Monday, January 14, 2008

AFL-CIO Executive Vice President Speaks at Cornell ILR School

On January 11, Arlene Holt Baker, the new Executive Vice President of the AFL-CIO, gave an informative and inspiring speech at the Cornell ILR School in Manhattan.

Ms. Holt Baker, who has been a union and community organizer for over thirty years, was approved by the AFL-CIO Executive Council on September 21, 2007 to be Executive Vice President, becoming not only the highest-ranking woman in the union movement but also becomes the first African American to be appointed to one of the three highest offices in the AFL-CIO.

Ms. Holt Baker began her union work with AFSCME and worked her way through the union ranks from organizer to international union director. In 1995, Holt Baker went to the AFL-CIO as executive assistant to the Executive Vice President Linda Chavez-Thompson. As the first director of the AFL-CIO Voice at Work campaign in 1999, she launched an active movement to bring together community leaders, clergy members, farm workers and elected official and others in support of the workers’ right to form unions. After leaving the AFL-CIO for a couple of years to serve as President of the Voices of Working Families (a nonpartisan organization effort which registered thousands of women and people of color to vote), Ms. Holt Baker returned to the AFL-CIO in 2006 to lead the Gulf Coast Recovery effort.

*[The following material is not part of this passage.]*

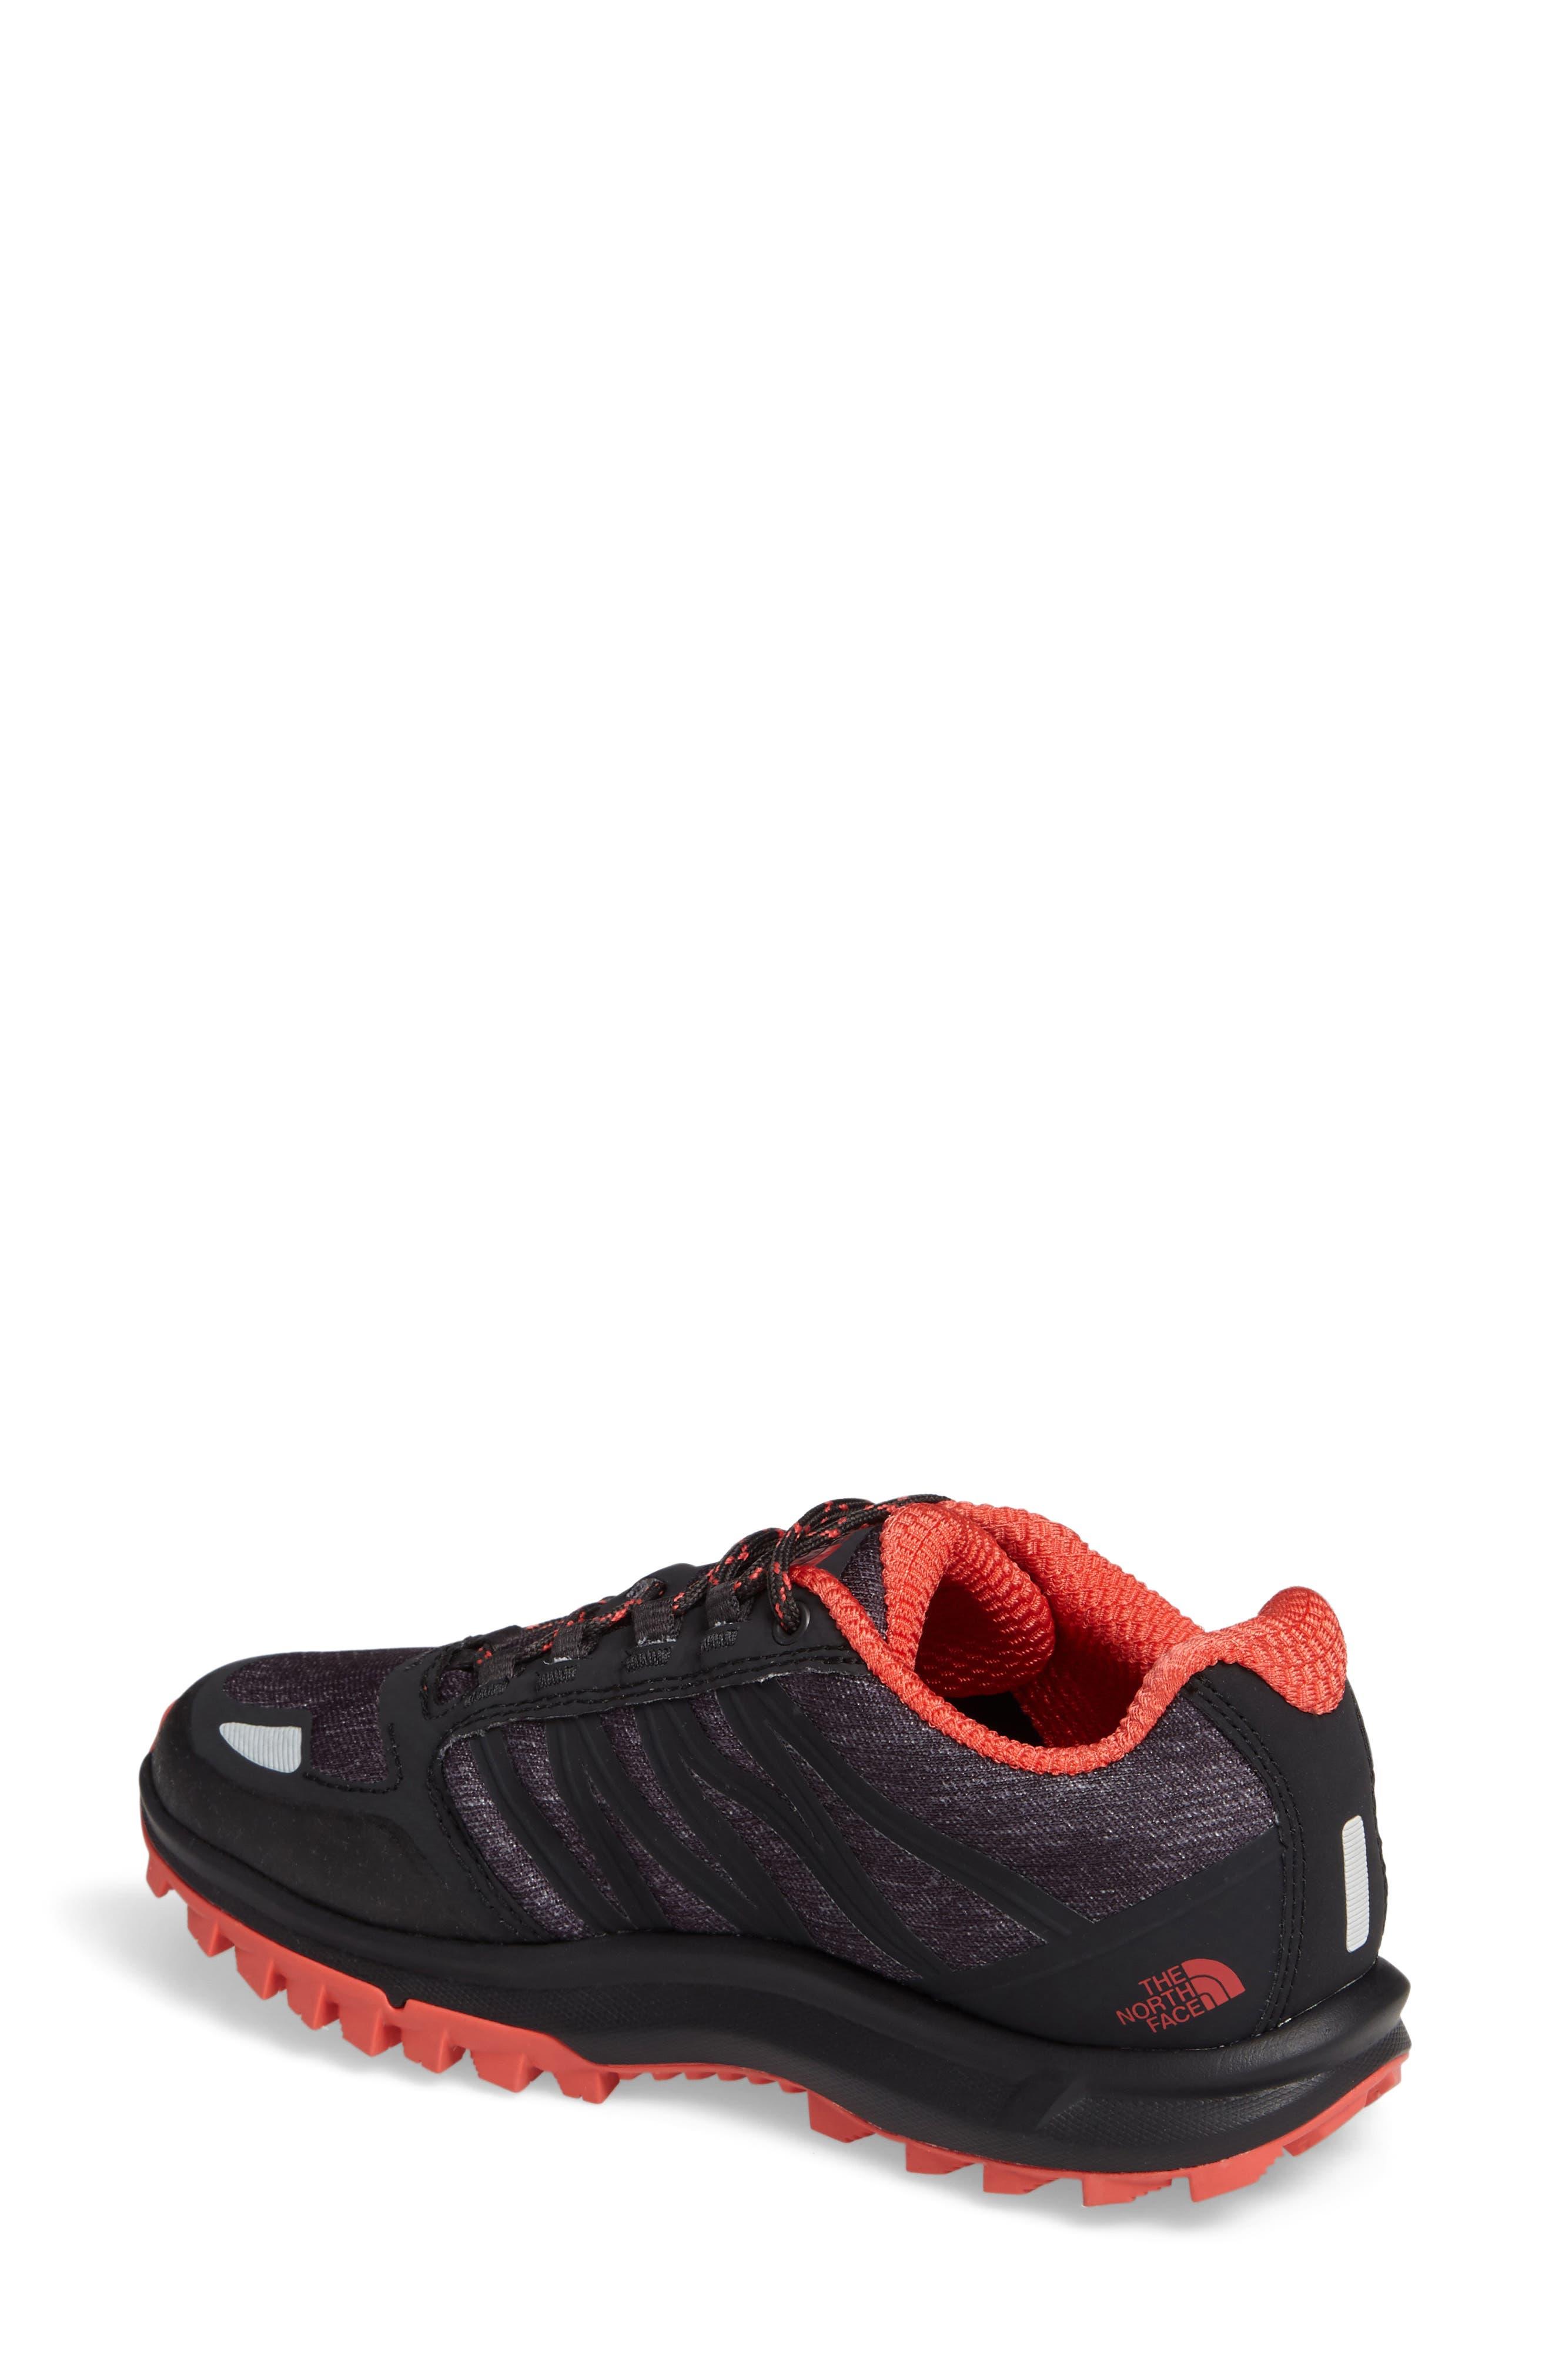 Litewave II Trail Running Shoe,                             Alternate thumbnail 2, color,                             001

In her speech Ms. Holt Baker was informative on the issues of immigration, healthcare, African American unemployment rates and the need to organize for the upcoming presidential election this year. Ms. Holt Baker pointed out the enormous challenges facing all working class people at this point in history. Ms. Holt Baker also talked about the plans for the AFL-CIO’s political and membership mobilization program, Labor 2008,which will be the largest political mobilization ever undertaken by the union movement with some 53 million dollars budgeted alone by the AFL-CIO for this election.

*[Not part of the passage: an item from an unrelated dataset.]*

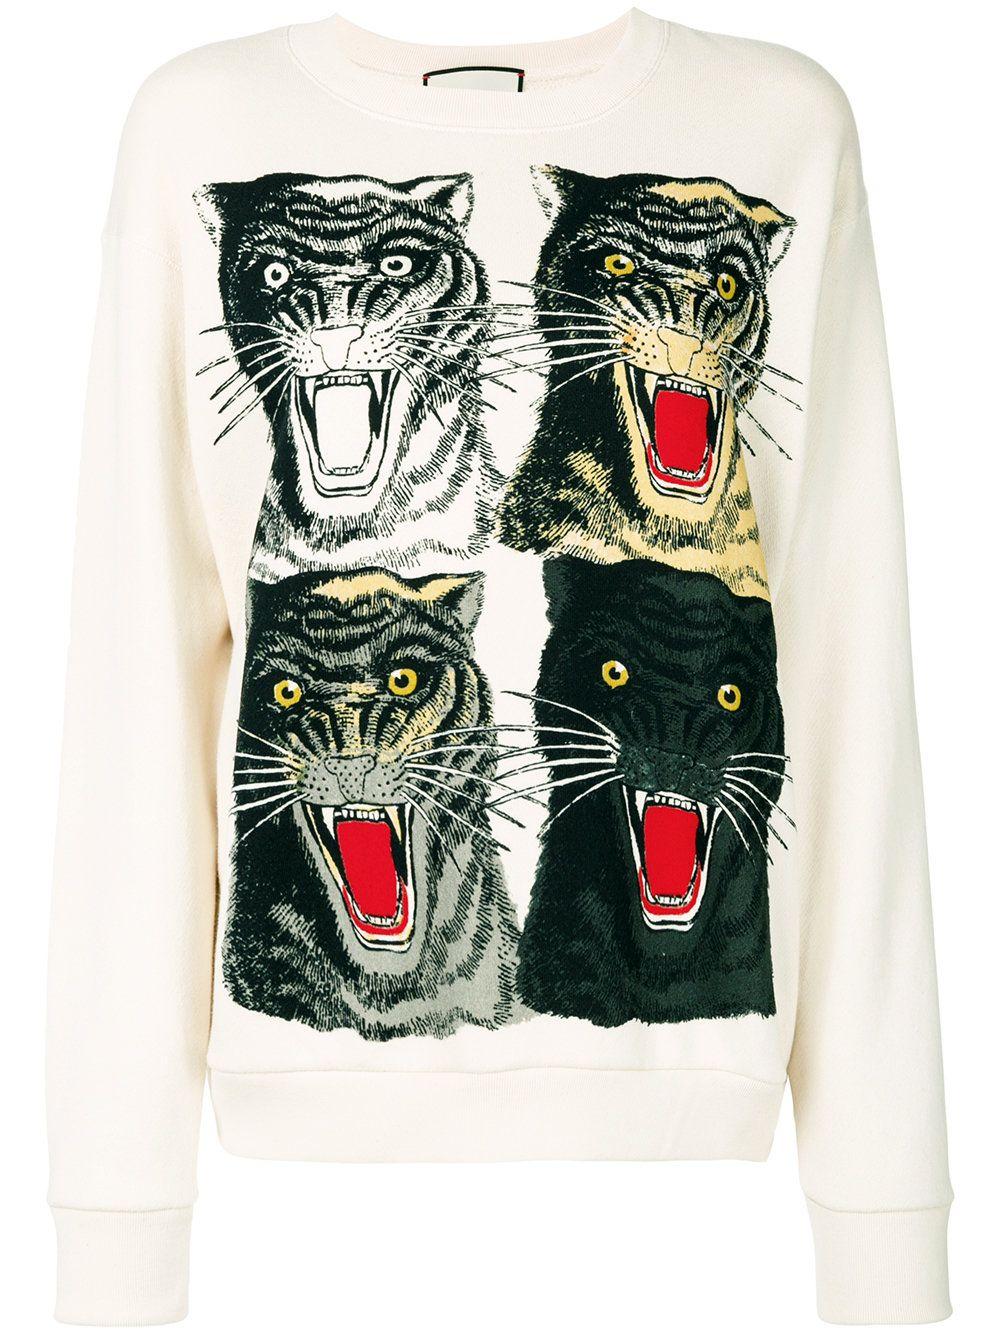 Gucci Tiger Face Oversized Sweatshirt Sweatshirts Long Sleeve Cotton Tops Oversized Sweatshirt [ 1334 x 1000 Pixel ]

Her presentation was inspiring as she quoted Dr. King’s speech from the 1961 AFL-CIO convention, and reminded us all how the struggle for civil rights and workers’ rights were one and the same. She also noted that the only time that there has been change and progress in the United States is when people of diverse backgrounds have worked together. With Dr. King’s birthday approaching, it’s time we all recommit ourselves to the struggle for progress and change through the political process, community activism, union activism or whatever form of action you can take.